— Прямо вот так сказать ничего не могу, но могу посмотреть, нет ли чего-нибудь в наших досье. Сейчас у нас здесь работают несколько историков и пользуются для своих исследований архивом. Я посмотрю, что можно сделать. Если найду что-нибудь, что можно выдавать. Ты понимаешь, у нас очень строгие правила. Например, никаких секретных документов выдавать нельзя.
— Понимаю, — сказал я и встал. — Во всяком случае, очень мило с твоей стороны не отказать мне в помощи. И не сбивайся с ног с этим делом. Я, как всегда, рыскаю в неизвестности. Если найдешь что-нибудь, позвони, ладно?
Но он не позвонил. Шли дни, и будни затянули меня: я приводил в порядок счета, планировал, что купить для рождественской торговли, изучал списки аукционов и возможные цены. И вот однажды вечером, когда я смотрел по телевизору какую-то американскую комедию, он позвонил.
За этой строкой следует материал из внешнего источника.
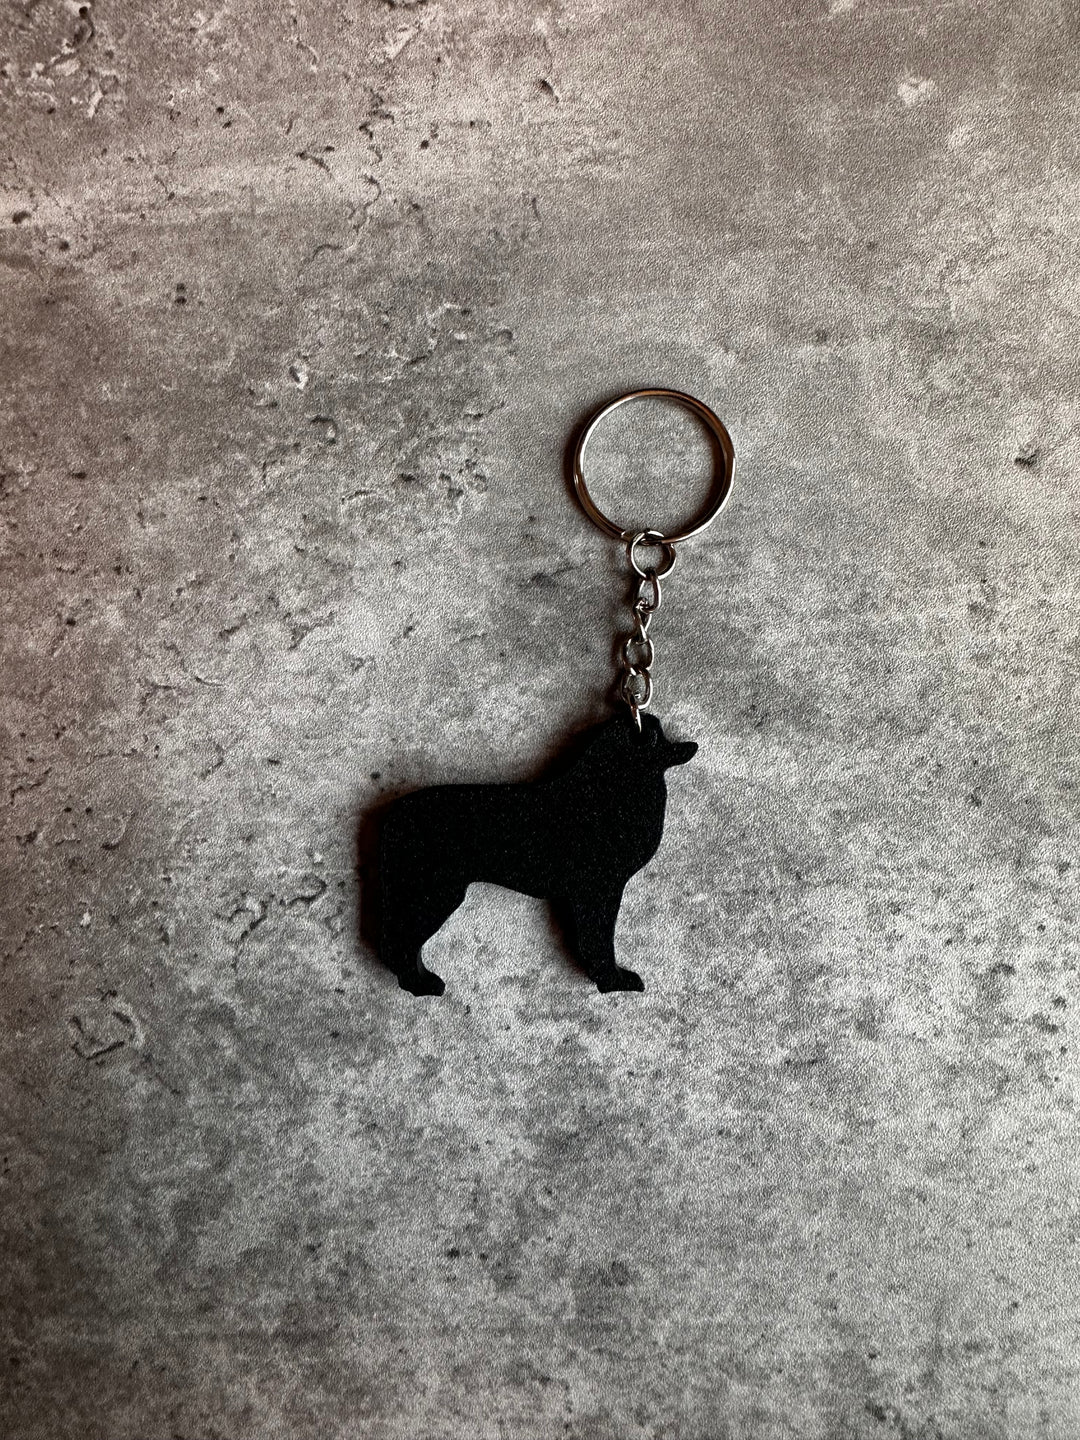 leonburger Dog Keyring Stl File.| 3D Printed | Unique Personalised Gifts

— Говорит Ингвар Нурдлюнд. Ты один?
— Да, и телефон не прослушивается, — сказал я, пытаясь пошутить.
Но казалось, что он не настроен на шутки.
— Я нашел кое-что, возможно, интересное для тебя. Но ты должен действовать конфиденциально. Мне не положено давать информацию такого рода. Но раз уж речь идет об убийстве и я знаю, что некоторые случаи ты распутывал. А потом можешь намекнуть полиции — они могут выбрать служебный путь. Это важно.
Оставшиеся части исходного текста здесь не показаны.